Questions Financial Planners Will Ask You

Nobody truly likes budgeting, but financial planners will tell you it's crucial to your financial health. And if buying your own home is going to be a part of your overall financial plan, you should listen and pay attention to what financial planners say.
I've known and worked with many financial planners during my career, and it never fails to amaze me that almost always they will begin to form a relationship with prospective clients the exact same way that I do - by asking questions. After all, it doesn't make any sense to just start spouting information and knowledge at someone, because that will almost guarantee you'll lose that prospective client. That's not what building relationships is all about. Building relationships takes time and effort, and in simple terms, trying to fit yourself into the prospective client's shoes, into their lifestyle, into their mindset. And you simply can't do that without asking questions.
Whether or not your financial plans include owning real estate, financial planners will usually start with the same question - "Financially speaking, where are you now?" And your answers might include a quick review of how much you have in the way of assets, what your credit scores might be, what your long-term employment prospects are, an idea of when you want to retire, do you want to travel the world in your retirement years, etc. When you begin providing those kinds of answers, the financial planner will begin to "see into your lifestyle". And once you've decided to work with a financial planner, they'll do the same thing that many good real estate brokers and mortgage professionals do, which is to help you see and clearly understand your relationship with your money. Make no mistake about it, you have a relationship with your money. It may be a very healthy relationship which you are in firm control of, or it might be a toxic relationship, in which you're always spending more than you earn. Either way, it's very healthy to take a good, hard look at what you do with the funds you have. It will help you see patterns, some good, some bad.
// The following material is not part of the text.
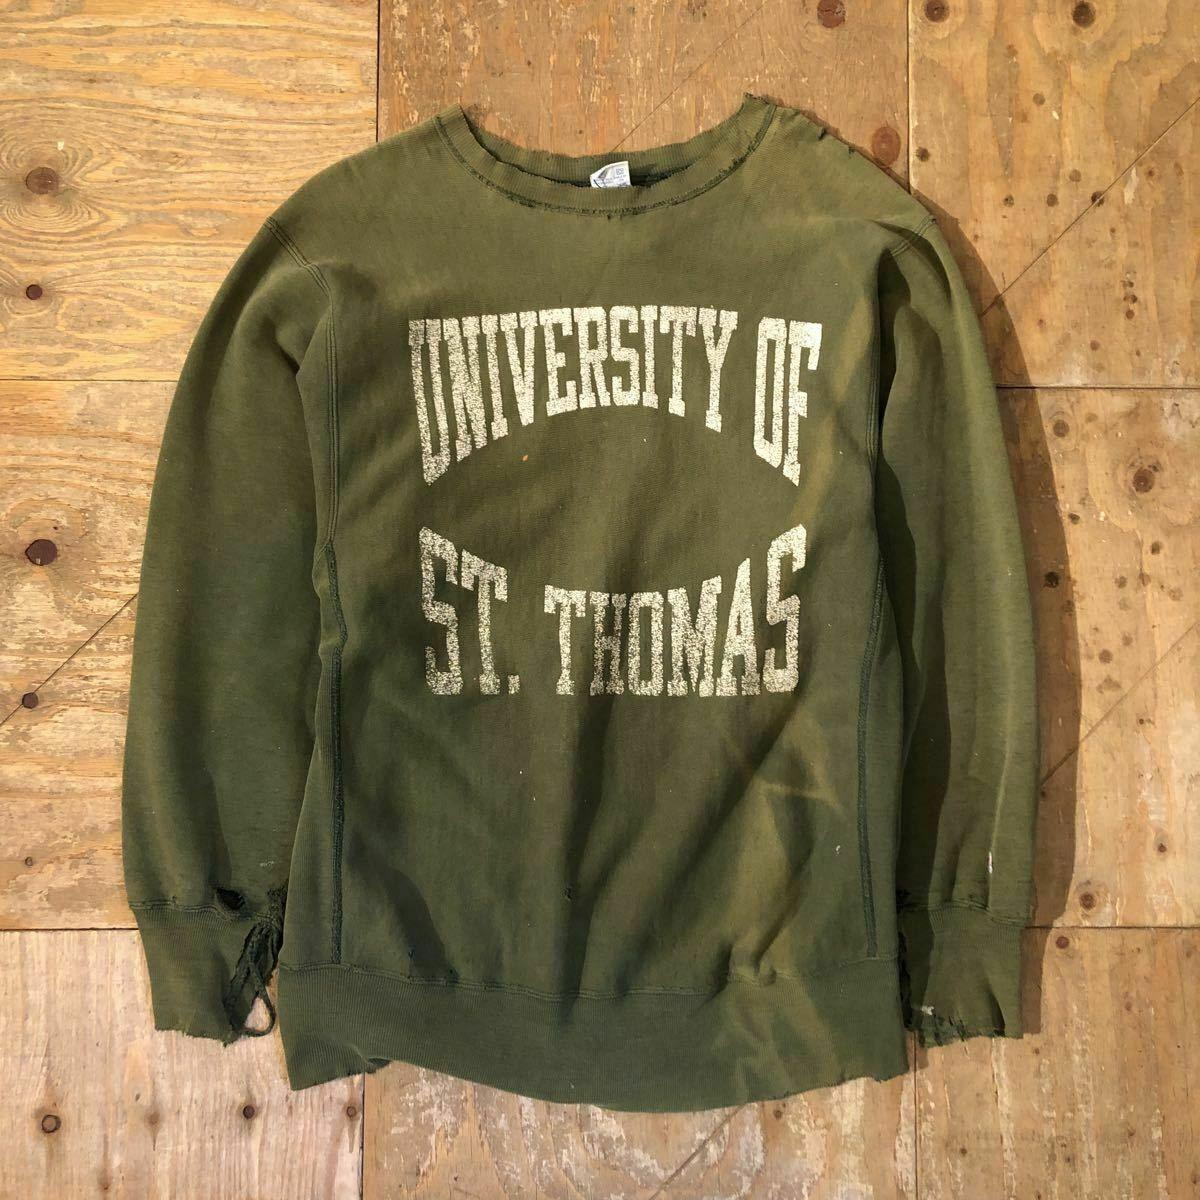 Champion Reverse Weave Crew Neck 90s Vintage Sweatshirt St Thomas Green Men S In 2021 Vintage Sweatshirt Champion Reverse Weave Long Sleeve Tshirt Men [ 1200 x 1200 Pixel ]
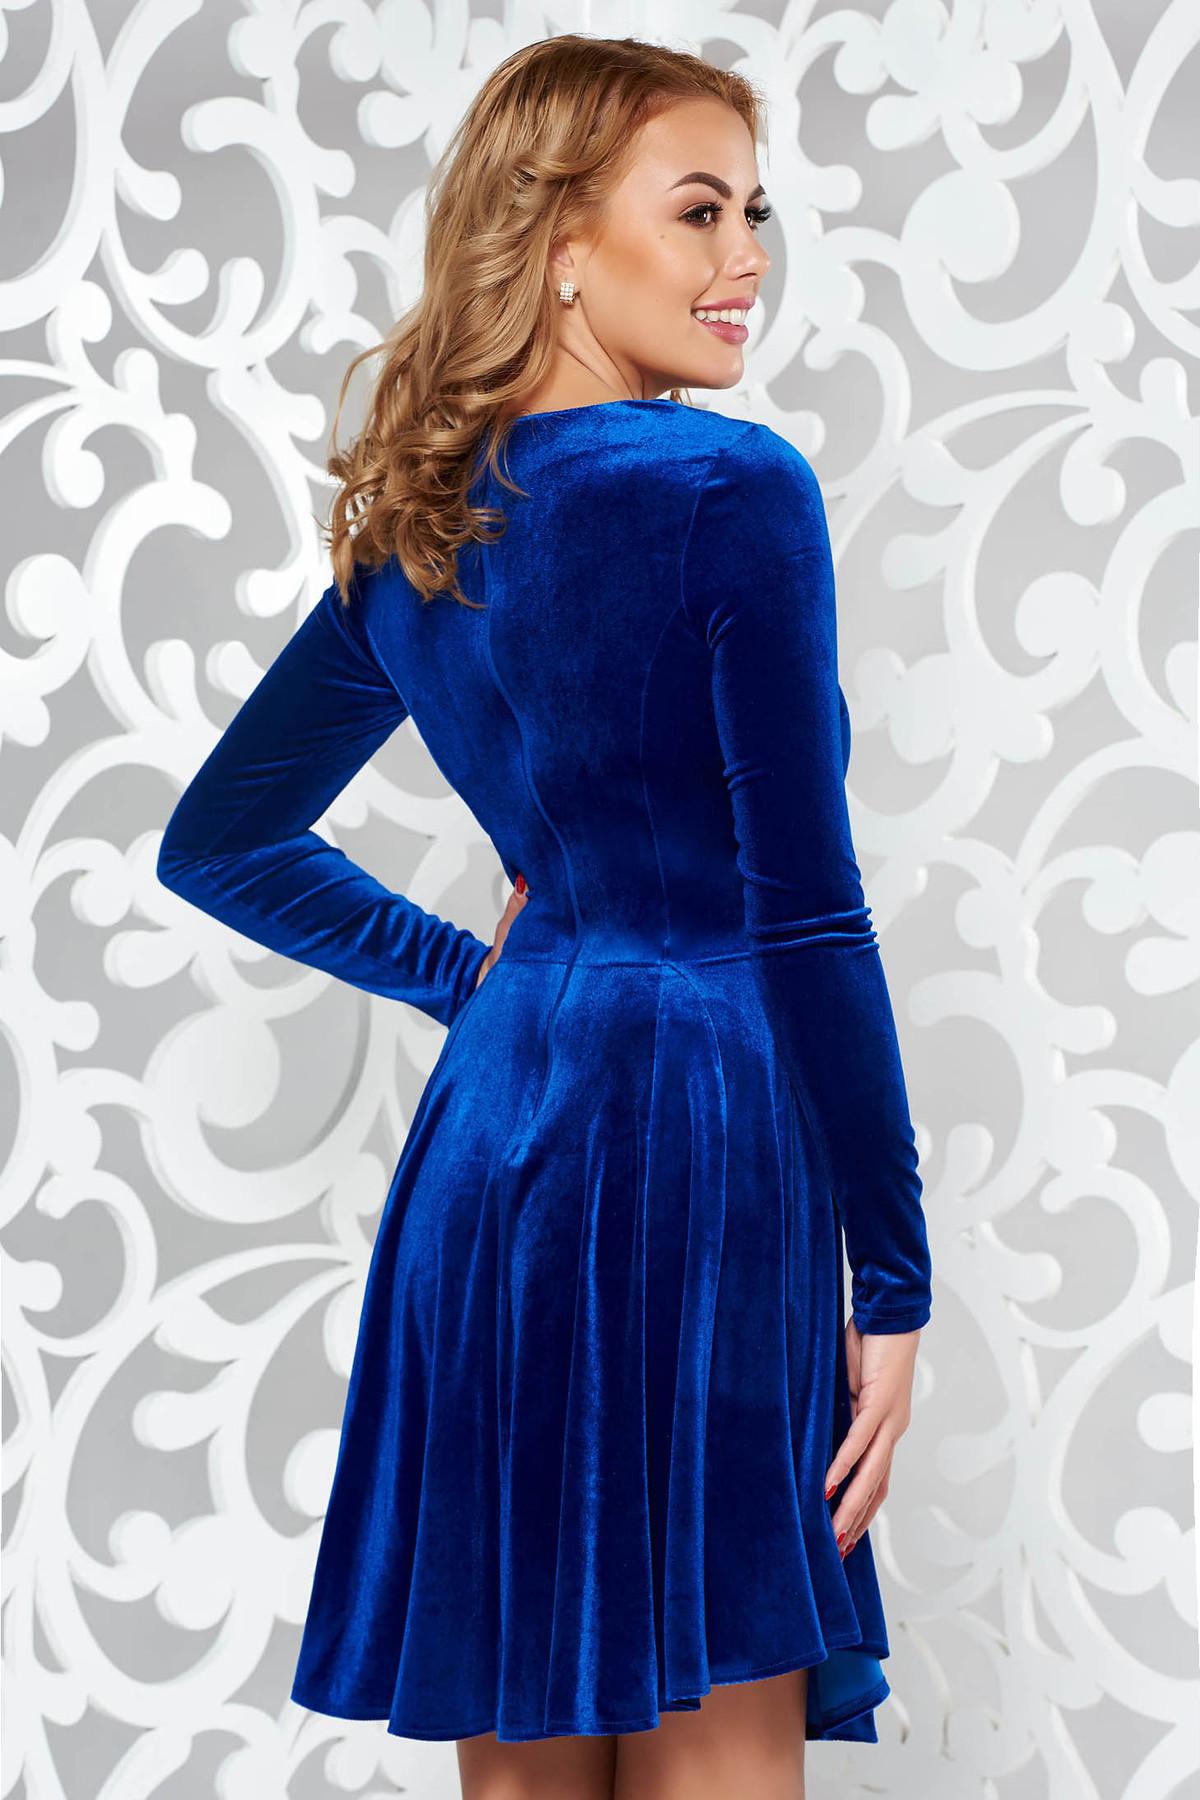 Rochie Artista albastra de ocazie in clos din catifea cu insertii de broderie

Let me tell you a quick story about a former client. A very nice young couple attended a first time homebuyer class that I conducted, wherein I told a true story about another former client who had been a barista at a large retail coffee chain. This coffee chain employee had been in the management-trainee program, and in one of her meetings she learned that the "average spend" for a customer of this coffee chain was $350/mo., or $11.67/day in a 30-day month. Now, this was before the Covid Pandemic, about 8 years ago, so imagine what that amount would be today!
So the couple attending my homebuyer class went home, decided not to change their spending habits, but also to monitor what they were spending each month. Two months later they called and exclaimed "You've ruined our trips to "XYZ" Coffee! We kept track, and we were spending almost $400/mo.! So now we've bought our own espresso machine, and we make our own coffee each day, and we're saving about $300/mo.!" Think about that - $300/mo., or $3,600/yr. That's a lot of money that they hadn't realized they were spending.
Simple stuff? Sure, but it boggles my mind how many people I speak to who haven't gone through this kind of exercise. And it's one of the easiest things to do. It just takes a legal pad and pencil, maybe a calculator, maybe an app on your phone - just something that will help you figure out where your money is going. And it's the first step to financial health, and to owning your own home.